Изменить стиль страницы

Но никто при этом не пожалел его, никто не выразил ему сочувствия, а, напротив, каждый, узнав о затянувшейся ссоре, считал долгом сказать Коле, что, дескать, не я ли оказался прав, не я ли предупредил тебя, что это та еще девочка, не я ли, мол, предостерегал тебя от излишней откровенности, которая потом отольется тебе мукой, а ты, дескать, и слушать ничего не хотел, теперь же сам все это расхлебывай, это тебе наука.

Коля Бугорков терпеливо сносил все эти насмешки, но однажды не удержался и очень удивил и даже разозлил своих бывших друзей, когда, защищая Верочку Воркуеву, честь ее, в которой усомнился один из них, с ненавистью ударил его кулаком в челюсть, сделав это с такой неожиданной решительностью, что человек этот, получив по скуле, не смог ответить ударом, а как-то весь сник, посерел лицом и, покачав головой, сказал с завидным самообладанием: «Какая точная реакция. Поздравляю. Но не поздно ли?»

Еще большей неожиданностью это было для самого Коли Бугоркова. Он с пересохшим от волнения горлом хрипло сказал:

«Ну что ж ты? Ударь и ты! Твой черед… Я жду… Чего ж ты, гад?»

«А ничего, — ответил ему тот. — Не хочу. Мне очень понравилась твоя реакция. Прости, я поступил подло. Прости».

Коля Бугорков растерялся и, не зная, что ему теперь надо делать, кого прощать и за что, не нашел ничего лучшего — тоже попросить в свою очередь прощения.

«Нет, это ты меня, — сказал он с удивлением, — я не хотел, просто очень сейчас я, понимаешь… Ты меня прости, пожалуйста».

«За что же? За то, что я подлец? Так, что ли?»

«Нет, но ведь я ударил, я, в общем-то… Ладно. Все понял! Но ты ошибаешься… — вдруг опять обозленно заговорил он. — Ты ошибаешься!
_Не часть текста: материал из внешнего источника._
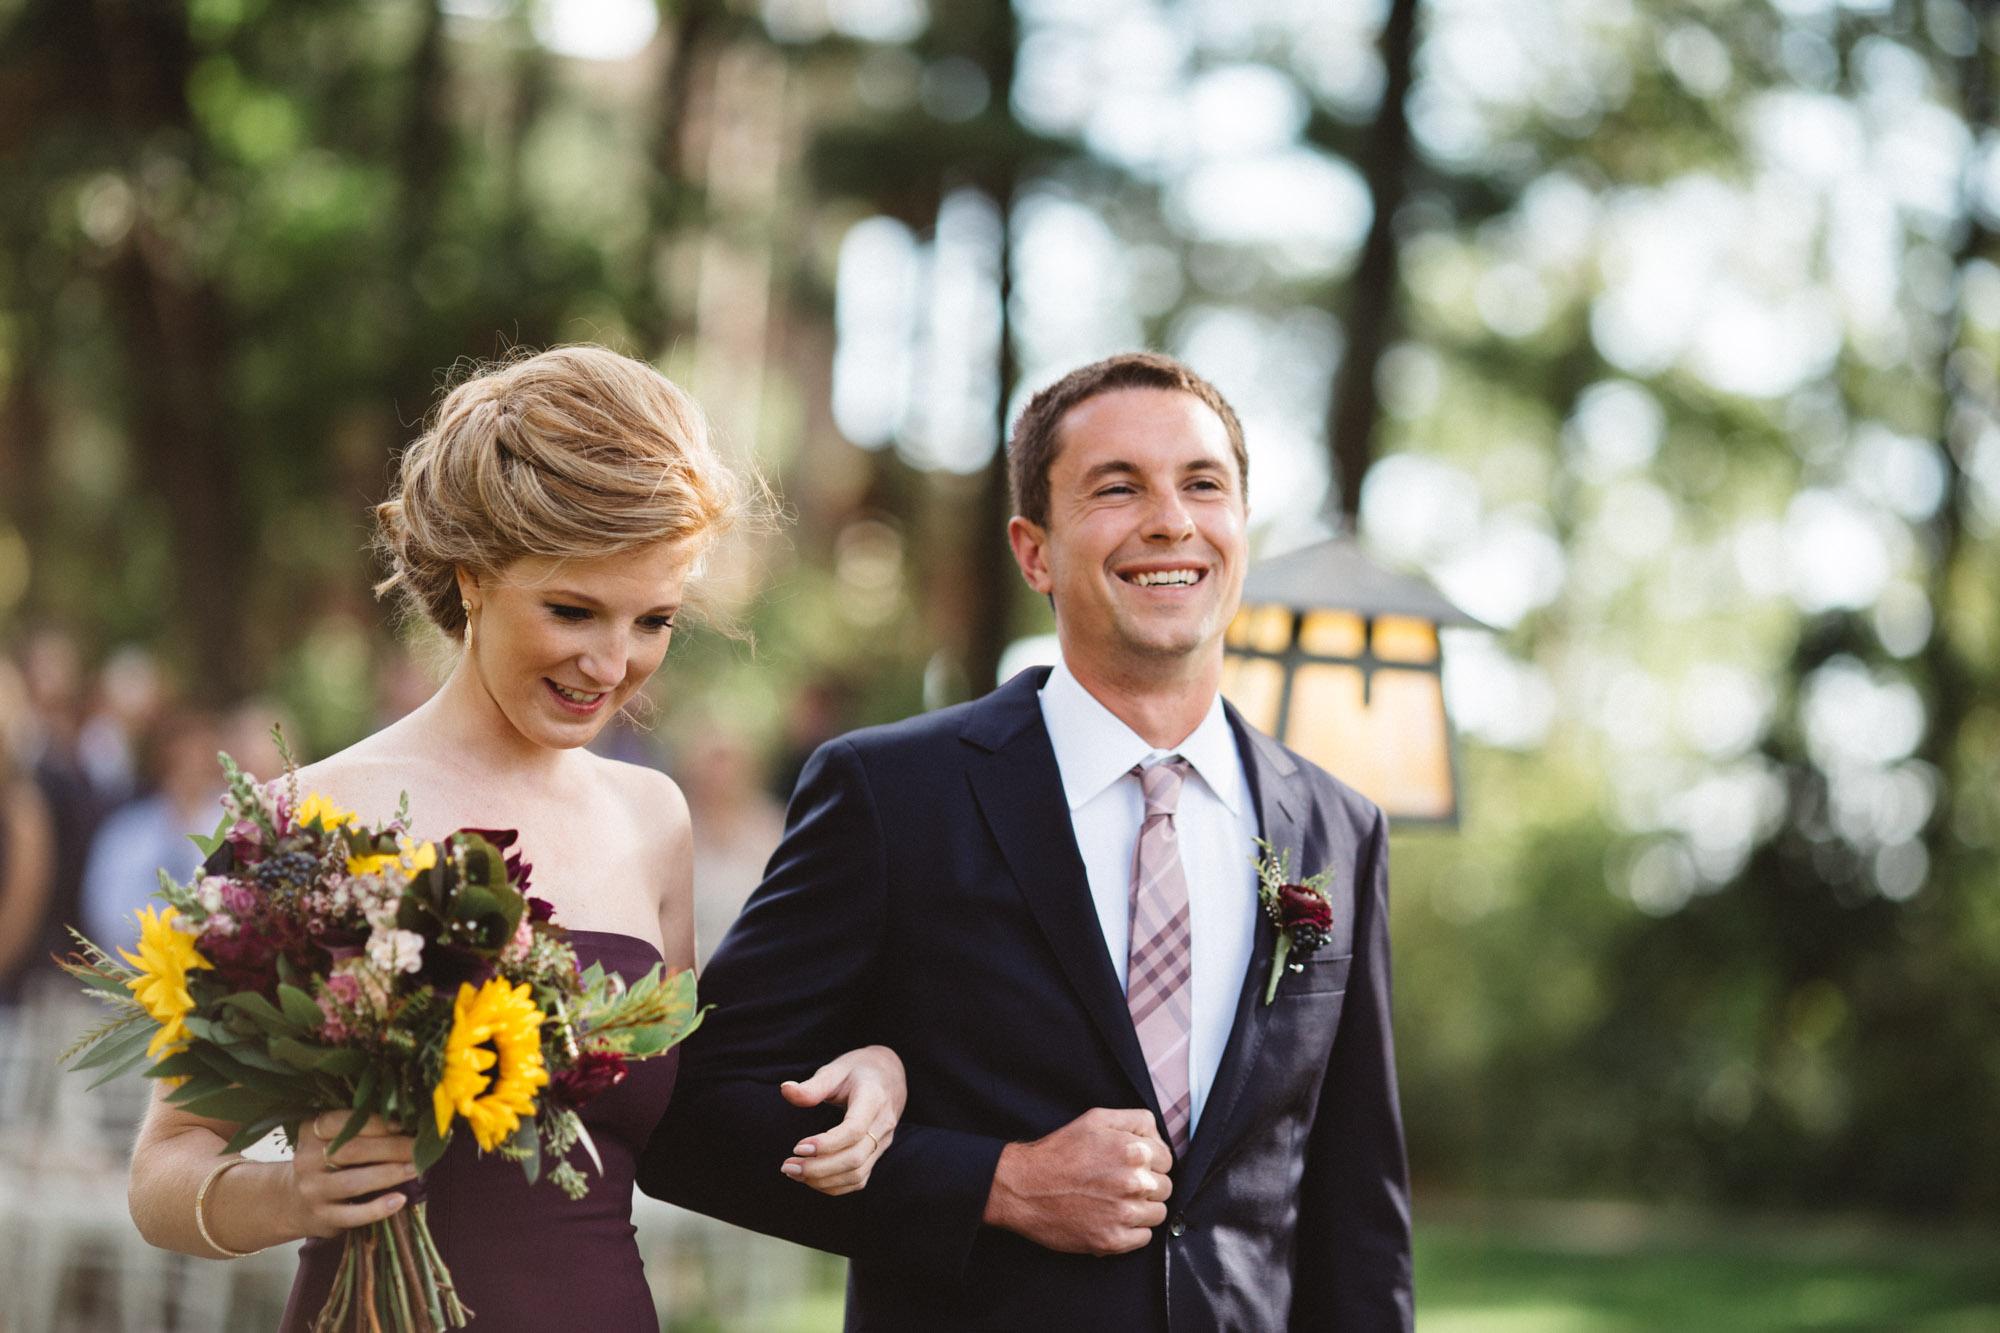 Grand View Lodge wedding photography by Britt DeZeeuw, Brainerd MN photographer

Плевать. я на тебя хотел! Думаешь, раньше тюфяком был, а теперь человеком стал, да? Так думаешь? Ошибаешься! Я всегда человеком был и человека искал всегда и верил, что человеку говорю, человеку искренне раскрываюсь весь, до нутра… А то, что вы там трепались о ней, то, что вы говорили, — все это ложь была страшная, когда вы о ней гадости всякие говорили. Не бить же мне собак за то, что им господь бог гавкать на роду записал! А вы на нее гавкали, как собаки, не зная ее, и даже… Вы хуже собак были, а я с вами как с людьми говорил. Все вы неискренны и лживы как не знаю кто! А ты как был подлецом, так им и остался. И никуда тебе от самого себя не деться. Ты даже сейчас неискренен! Ты потому не ответил ударом, что драться испугался, ты понял, гад, что я драться до последнего буду, и испугался. Не правда, что ль? Знаю я тебя как облупленного. Ты ведь слушал меня тогда, усмехался, смотрел свысока, как на трепача последнего, а сам же подлости о ней всякие мне подсовывал, зная тогда, что я над всей этой грязью твоей в облаках витаю и не вижу, не слышу и знать не хочу о грязи этой ничего. Не правда, что ли? — говорил Коля Бугорков захлебывающимся криком. — А то, что ты обо мне думаешь, для меня дерьмо собачье. Я плевал на тебя, я вообще тебя в упор не вижу!»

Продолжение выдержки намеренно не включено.